On June 15, 1937 my Grandparents were married.
Yesterday May 7, 2009 my Grandmother went home to be with the Lord.
She spent her life devoted to her savior and I couldn't be happier for her that she is in his loving arms right now.
I was named after my Grandma. Michelle Ruth. When I was a child I hated my middle name. When I was a teenager I realized that it was an honor. I was named after a wonderful woman and couldn't be prouder to share her name.
My Grandparents spent nearly 72 years married to one another. 72 years. That is amazing.
When I was a baby I was doted on and much loved by my Grandma. I was the first granddaughter on the Haldy side in roughly 50 years. To say my birth was a big deal is probably an understatement. Sometime in the 60's my grandparents went on vacation and bought a beautiful set of small dollhouse chairs for their first granddaughter. A girl was desperately wanted. I came along and made that dream come true. I was spoiled rotten. There are several pictures of my Grandma going gaga over me when I was small. They then moved very far away and I didn't get to see them much but they always sent cards and letters to let me know they thought of me often. When I was 10 my Dad graduated from the University. It was a big deal so my Grandma flew out for the occasion. That was the last time I saw my Grandma until last fall. 23 years.

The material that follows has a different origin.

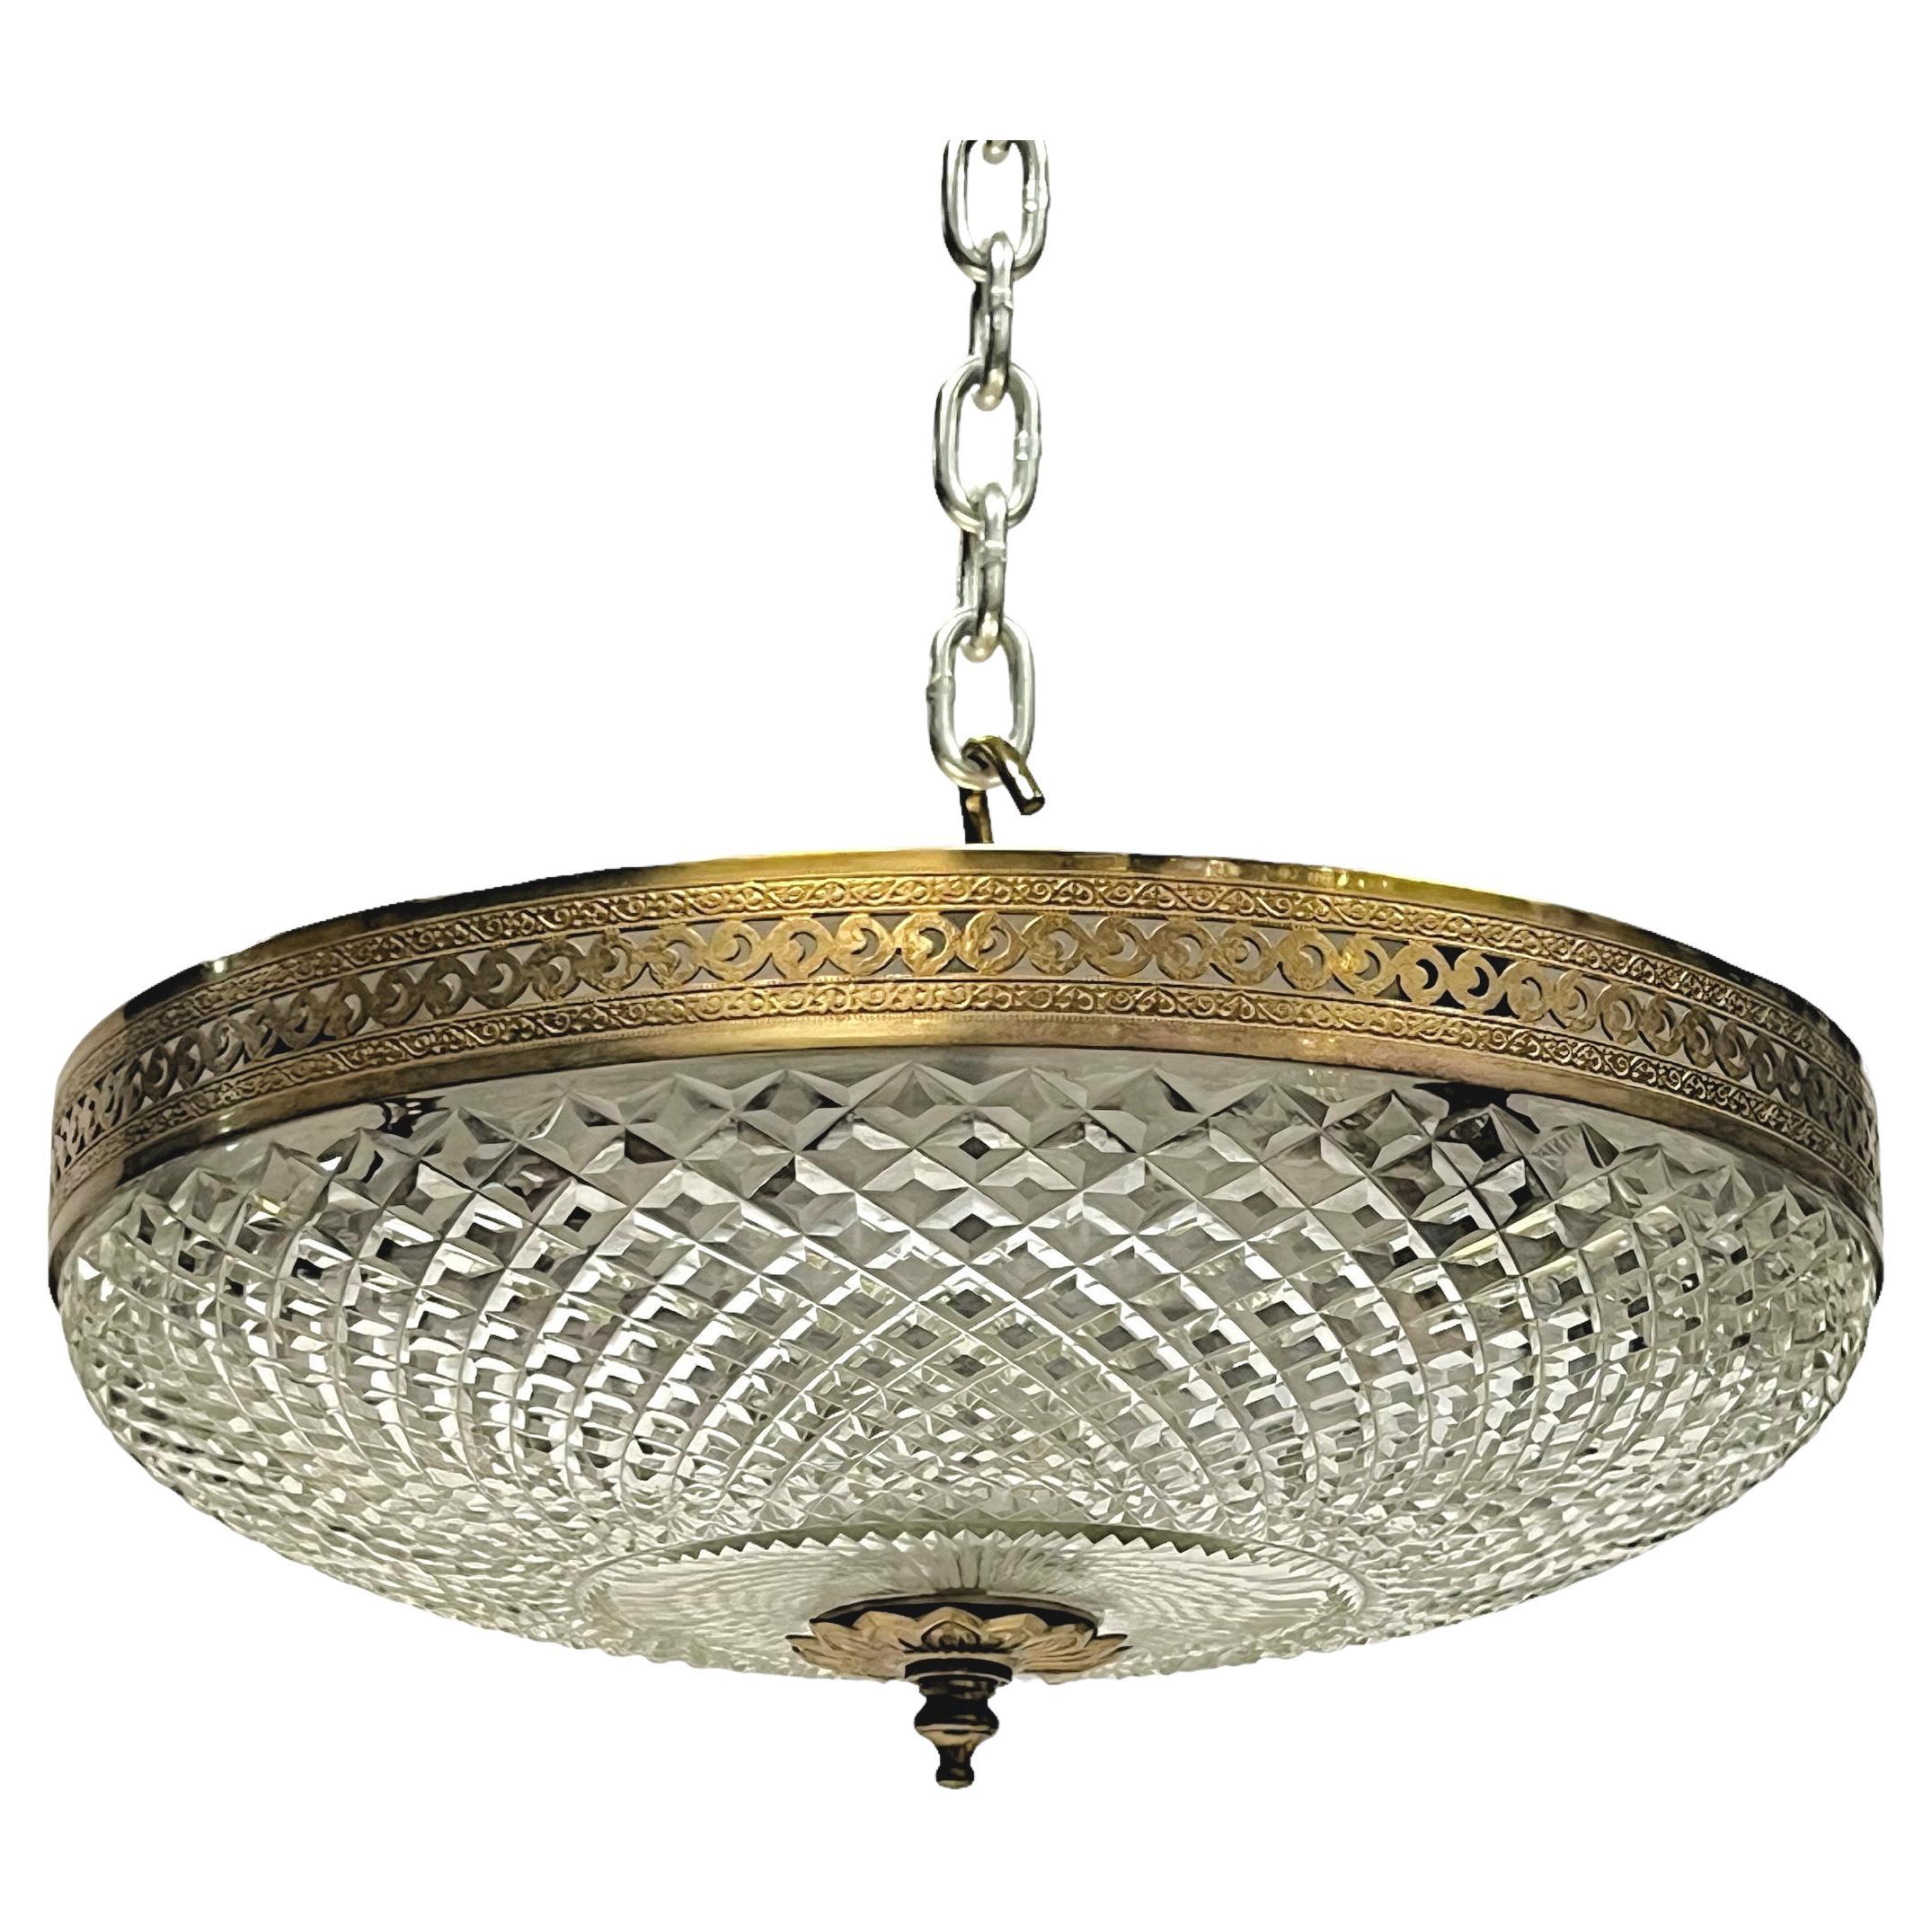 Vintage gilt metal and glass coupe form flush ceiling chandelier.

I was waiting in the lobby of the nursing home when my Dad and Uncle wheeled my Grandma out. She saw me and very excitingly said my name "Shelly?" and got teary. A lifetime of love flowed through the hug we shared. It was my turn to dote on her. I spent the day at the hospital with her. She couldn't hear well so I wrote notes and she would respond. Mostly she sat and stared at me and smiled. The hospital was chilly and her hands were like ice. I slipped my 50 cent stretchy gloves on her hands and you would have thought I gave her the best present ever. She stared at her hands and thanked me dozens of times. Its the small things I guess. She tried to give them back and I told her I wanted her to keep them. She said she would wear them and think of me. A pair of cheap gloves brought her happiness. I was blessed to spend that time with her and today I will savor every second of our time together and remember a kind woman who was so full of love.